Spinal cord bypassed to move paralyzed hand

Medical researchers have successfully enabled a paralyzed monkey to move its hand, by delivering messages from the brain directly to the muscles.

The Northwestern Medicine team says the monkey was capable of complex voluntary movements, and that the technique could eventually be used to help paralyzed people move again.

“We are eavesdropping on the natural electrical signals from the brain that tell the arm and hand how to move, and sending those signals directly to the muscles,” says professor Lee Miller.

“This connection from brain to muscles might someday be used to help patients paralyzed due to spinal cord injury perform activities of daily living and achieve greater independence.”

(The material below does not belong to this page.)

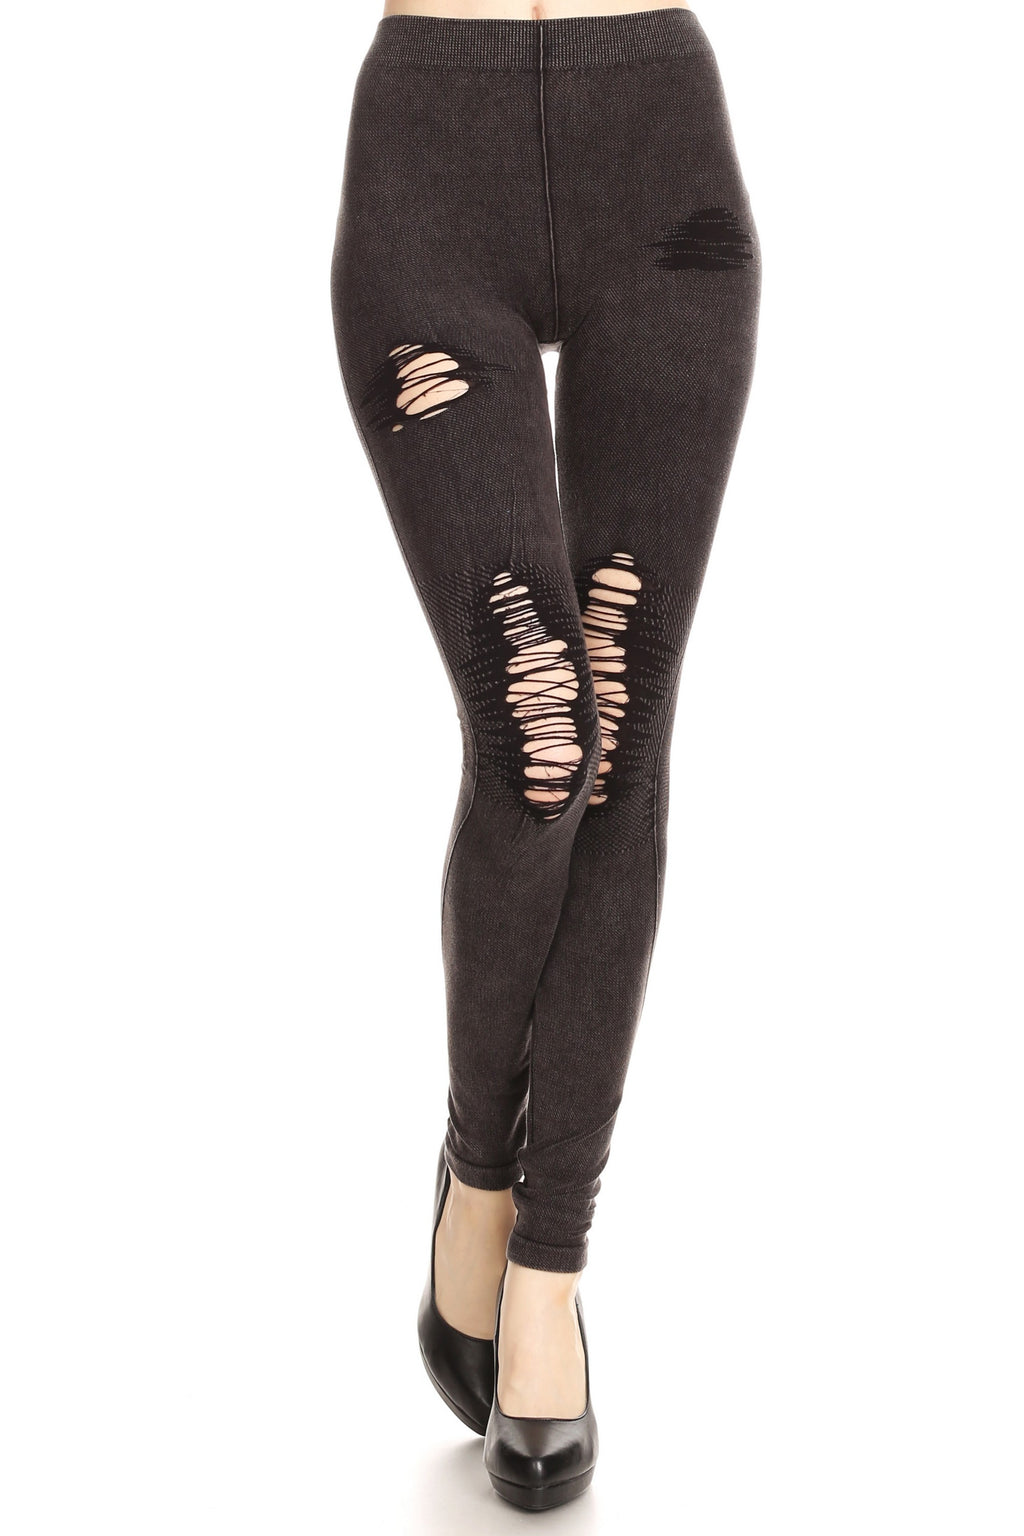 Distressed, But Well Dressed Denim Jeggings ICONOFLASH

Electrodes recorded monkeys’ electrical brain and muscle signals  when they grasped a ball, lifted it and released it into a small tube.

And the recordings allowed the researchers to develop an algorithm or ‘decoder’, so they could process the brain signals and predict patterns of muscle activity when the monkeys wanted to move the ball.

The researchers then gave the monkeys a local anesthetic to block nerve activity at the elbow, causing temporary, painless paralysis of the hand.

A tiny multi-electrode array was used to detect the activity of about 100 neurons in the brain and link it to a computer that deciphers the signals that generate hand movements.

The monkeys’ brain signals were then used to control tiny electric currents delivered in less than 40 milliseconds to their muscles, causing them to contract.

The monkeys were able to pick up the ball and complete the task nearly as well as they did before.

“The monkey won’t use his hand perfectly, but there is a process of motor learning that we think is very similar to the process you go through when you learn to use a new computer mouse or a different tennis racquet,” says Miller.

“Things are different and you learn to adjust to them.”